I was once asked about a binary file, that, if modified, doesn't accepted anymore by a software. (Like license file or so...) Clearly, it has something like checksum inside. But the file wasn't compressed/encrypted. So to find a checksum, I wrote the following utility.
It tries all possible blocks withing a file and tries all possible CRC variants: CRC16, CRC32, all possible polynomials and CRC reflection parameters.
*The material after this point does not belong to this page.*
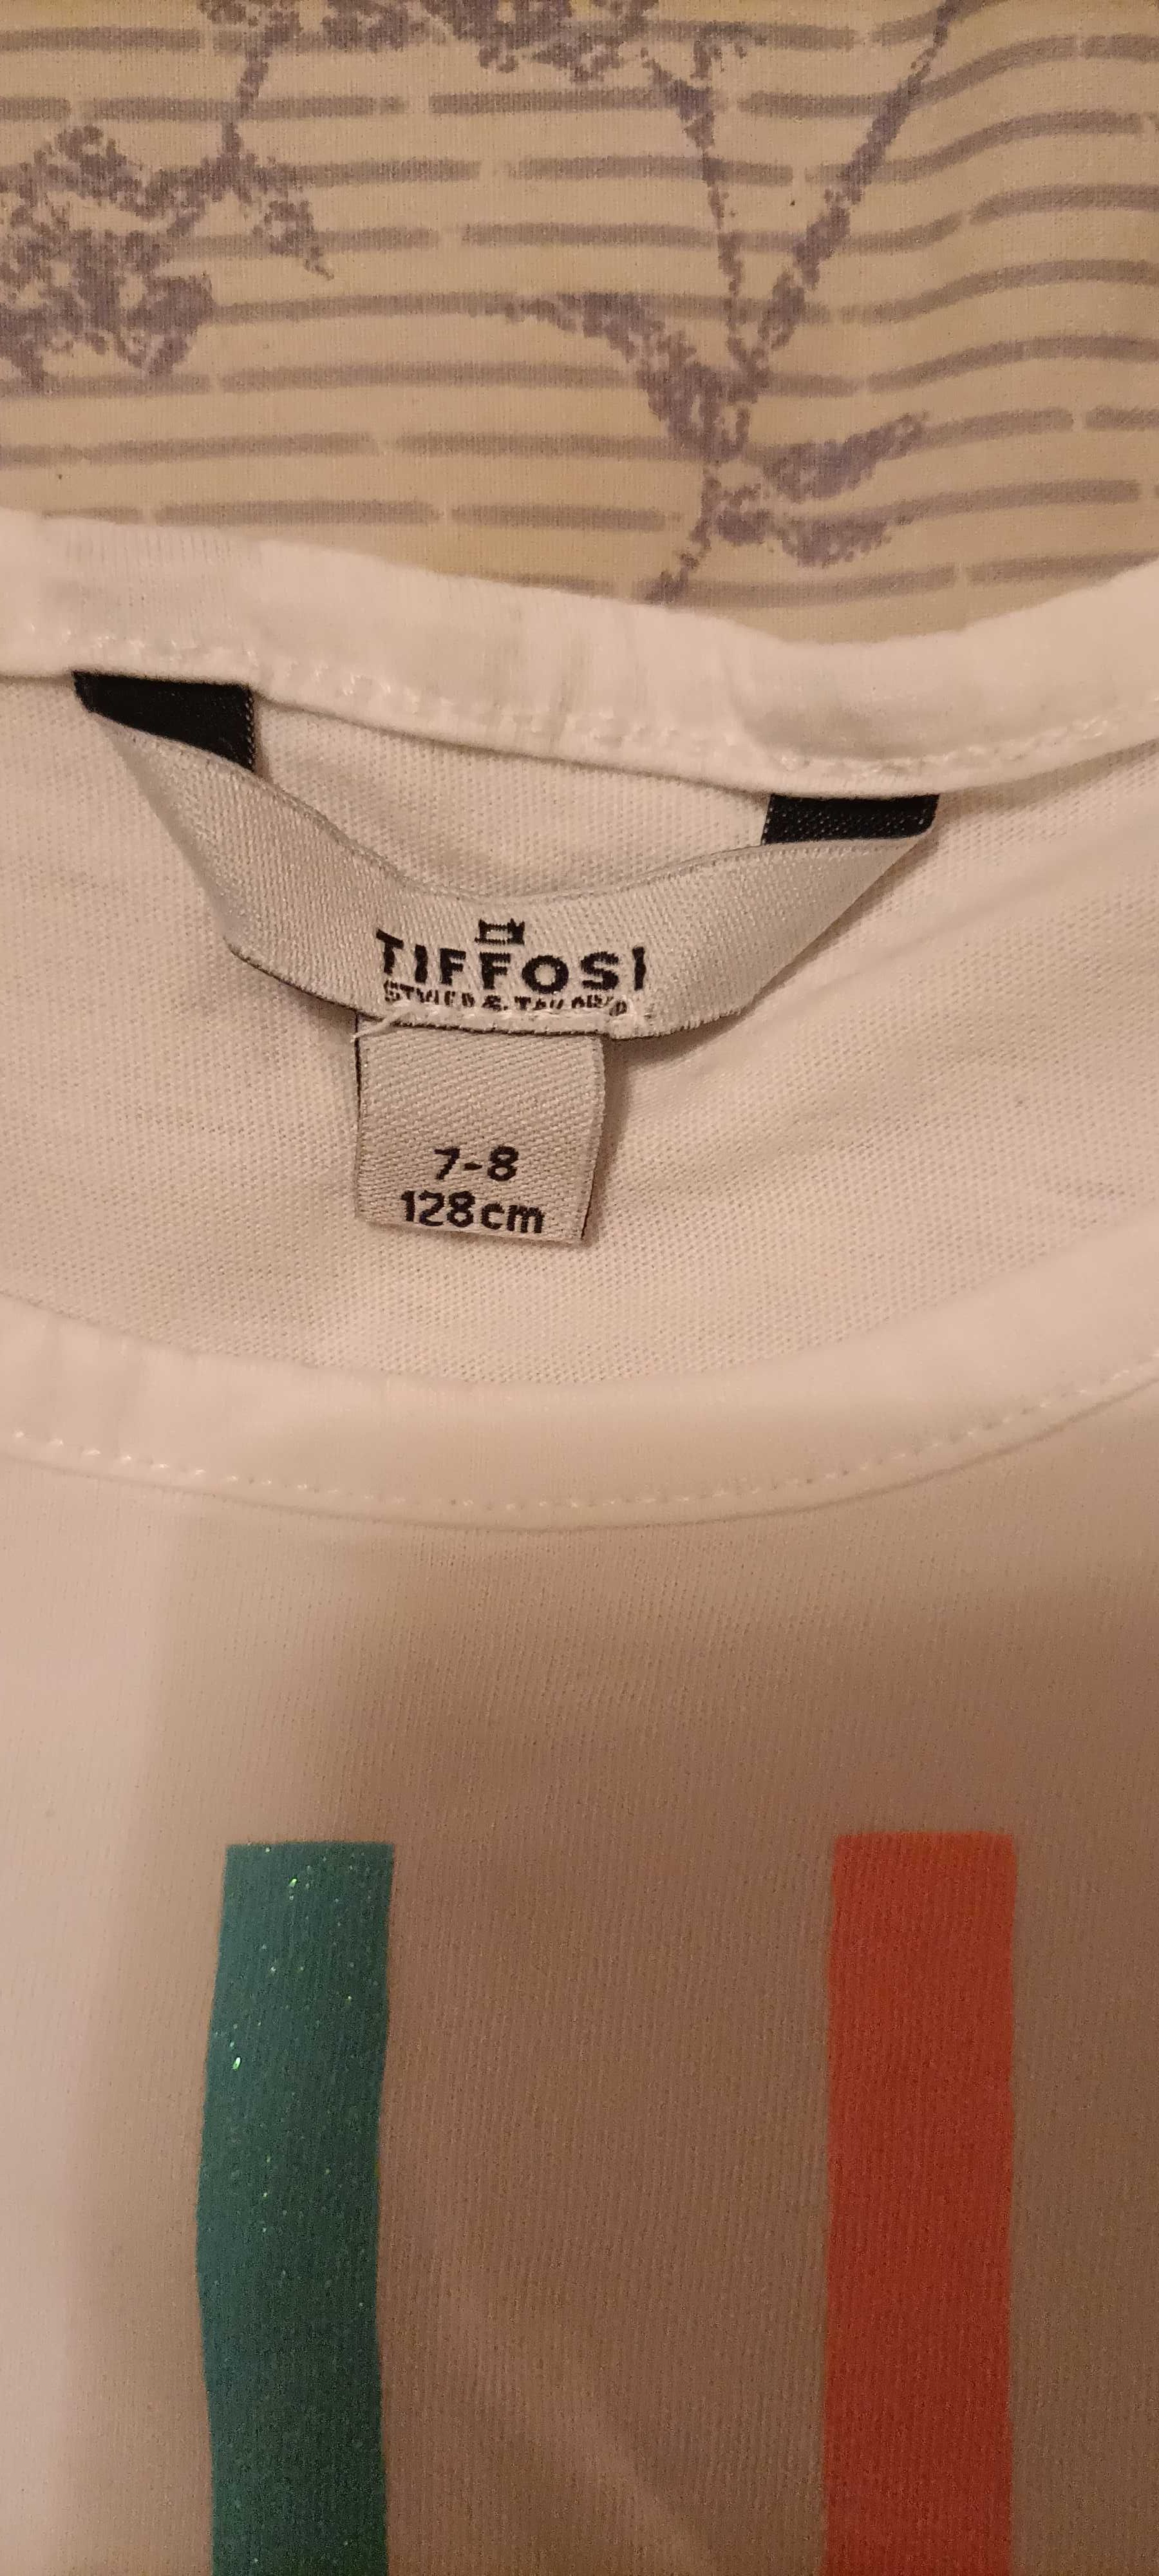 T-shirt Tiffosi 7-8 anos

It also tries simple checksum and 32-bit Adler algorithm.
All the checksum we're getting from the file are then compared against all possible 16-bit and 32-bit words collected from the same file. Both big and little endian encodings are tried. (Checksum must not be within checksummed buffer.)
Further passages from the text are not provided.